Friday, April 15, 2011

Best Trains Ever



I entered Turkey from Georgia by the black sea. There are no trains up there, so I had the good sense to take a bus - of which there are plenty in Turkey - to the nearest train station.

This meant a 9 hour bus ride from Hopa - an alleged hooker town according to my young Norweigian friend - to Erzurum overnight. The bus was new and clean, but it's still a bus.

We stopped about every 30 minutes, and the open door letting the cold air in kept waking me up. It was miserable. I got dropped off in the middle of the night at an empty bus station in Erzurum, and got hosed for 10 Turkish Lira for a 5 minute cab ride to the station since I had no idea where it was and it was 3:30AM.

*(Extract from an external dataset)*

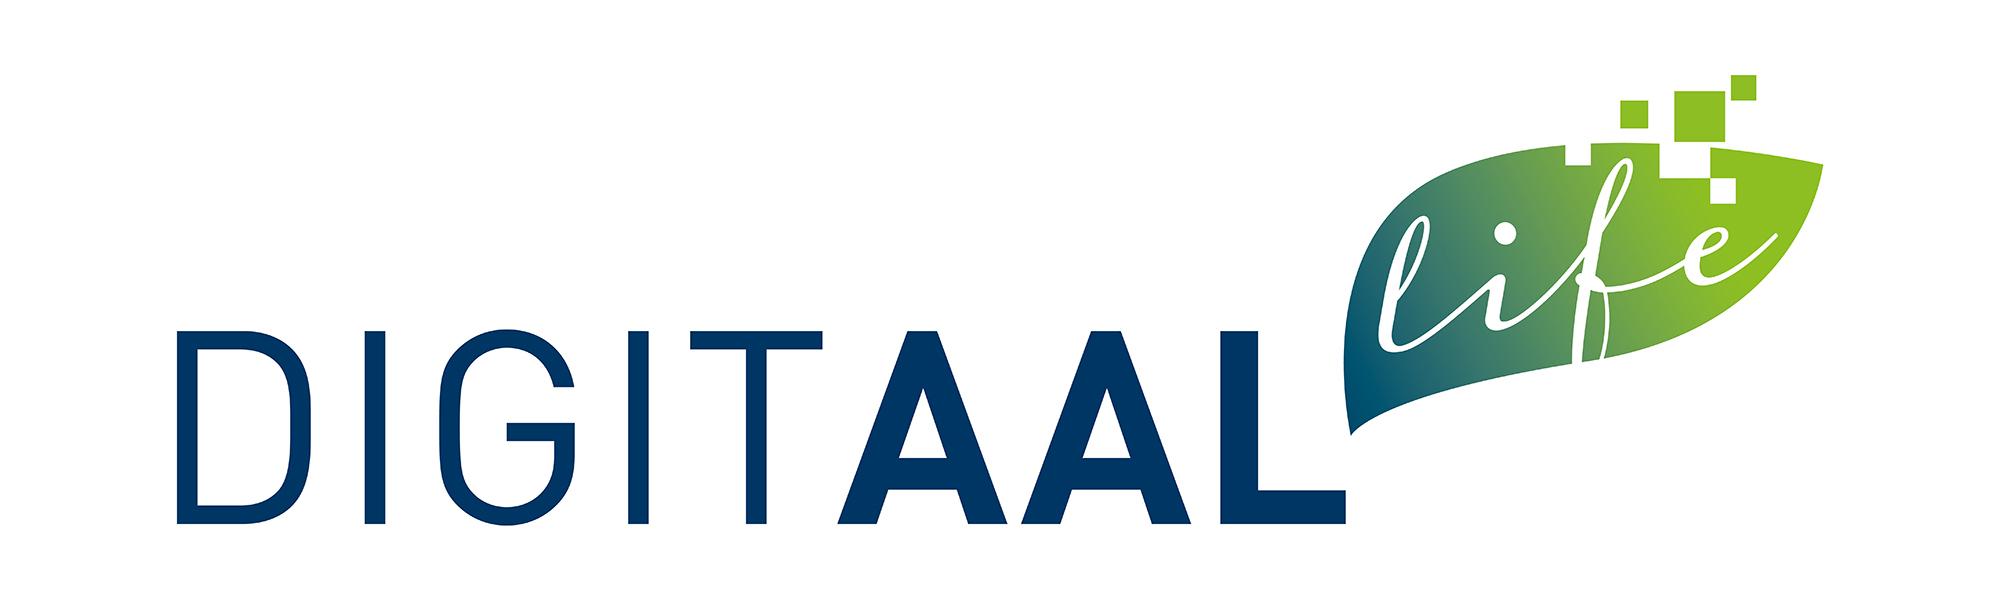 digitaal logo
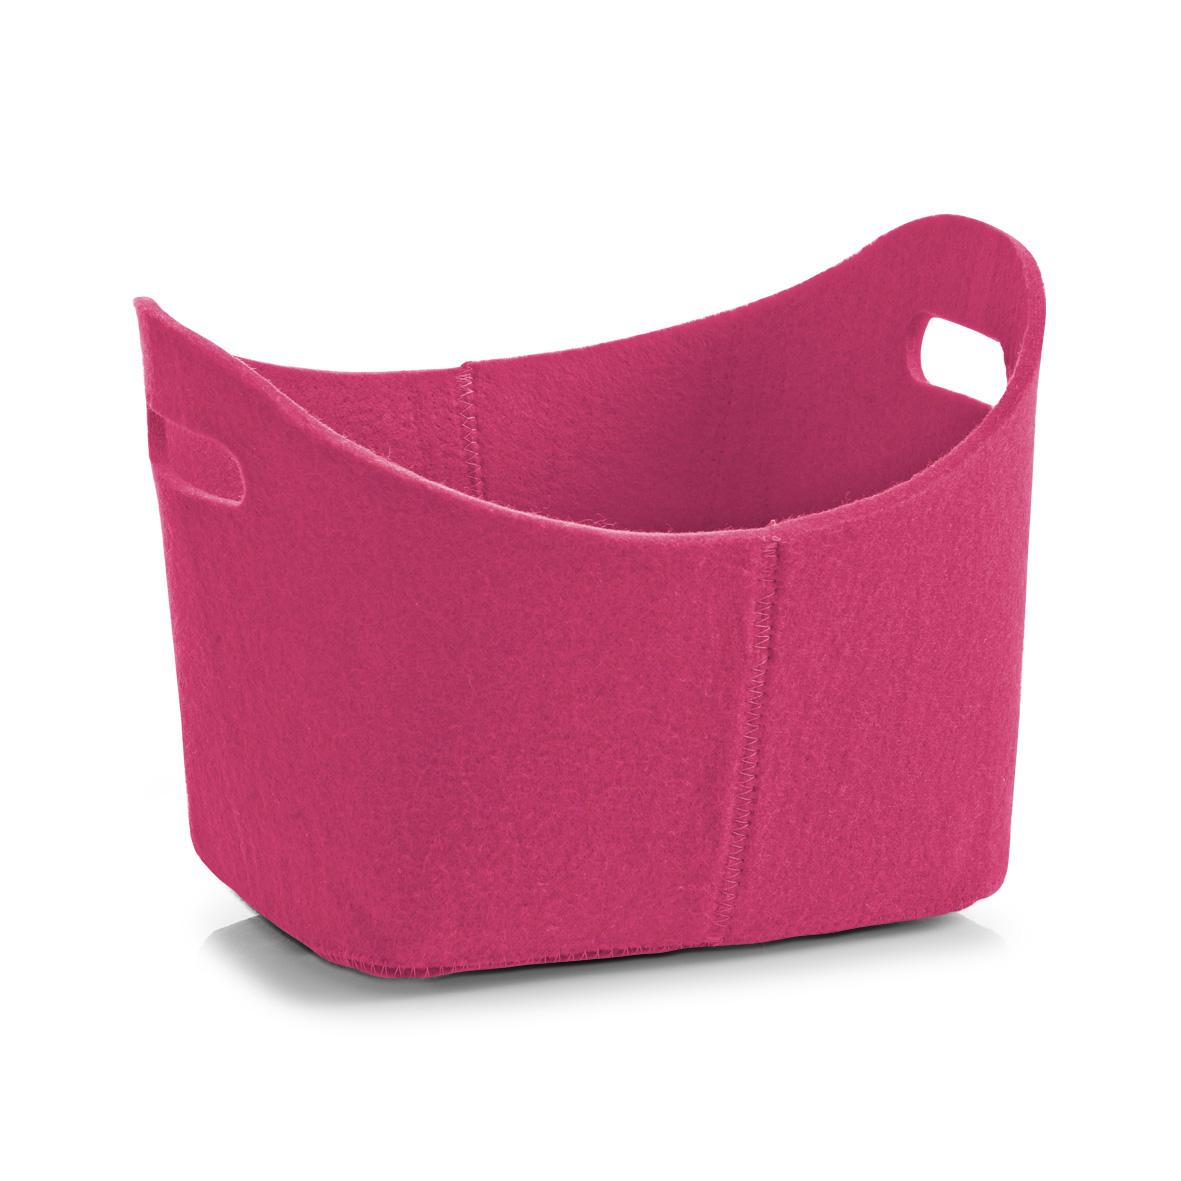 korb filz filzkorb aufbewahrungsbox holzkorb zeitungskorb filztasche ebay. Black Bedroom Furniture Sets. Home Design Ideas

This is the situation I left when I got on the train at 5:30 in the morning. I had unknowingly bought a first class ticket for about $40 for the 16 hour ride. I had my own cabin to myself, with a little fridge and sink. The car attendant made my bed and gave me snacks. The train was modern and new and clean. There was a rug on the floor.

The window was enormous and crystal clear. It's surprising how big a difference something simple like a large, clean window can make to the enjoyment of the countryside.

And the countryside itself was spectacular: craggy mountain passes, muddy rivers, rolling hills with tongues of lingering snowfall.

The dining car was a bit overpriced, but beer and food were available, and I ate and drank since I brought no supplies with me.

I met a German kid who also had his own cabin, and we chatted in the dining car and I kicked his ass in chess due to an egregious oversight he made that gave me his queen. That seems to be the only way I win chess games.

I didn't want to get off when I arrived in Kayseri, bound for Cappadocia. The train was that comfortable and nice.

After my time in Cappadocia, I was happy to get back on the same train, the Dogu Express, Kars to Haydarapasa in Istanbul. It's not that I didn't like Cappadocia - it was fantastic - it's just that getting on a train is a real pleasure. The feeling of movement, the knowledge that you're going somewhere and all you have to do is sit back and read and rest, the luxury of space and being able to walk around.

I rode second class to Istanbul, about $20 for an 18 hour ride. My cabin could sleep 4 people, but I had it all to myself.

The best part about Turkish trains is that evidently, no one takes them. That means there are no crowds, no rush, no crammed compartments.

The second class bed wasn't quite as nice as the first class, but it was all to myself. Who can complain?

The car was second to the rear, in front of the first class car. The window was still big, the landscape was still pretty, though more development was obviously to be expected as we approached Istanbul.

I met no one this ride, but got to recline in my bed, reading Atlas Shrugged, and occasionaly entertaining some of the few other passengers with my presense as a foreigner.

Great views, cheap tickets, empty cabins, smooth rides. Turkish trains have been the best yet.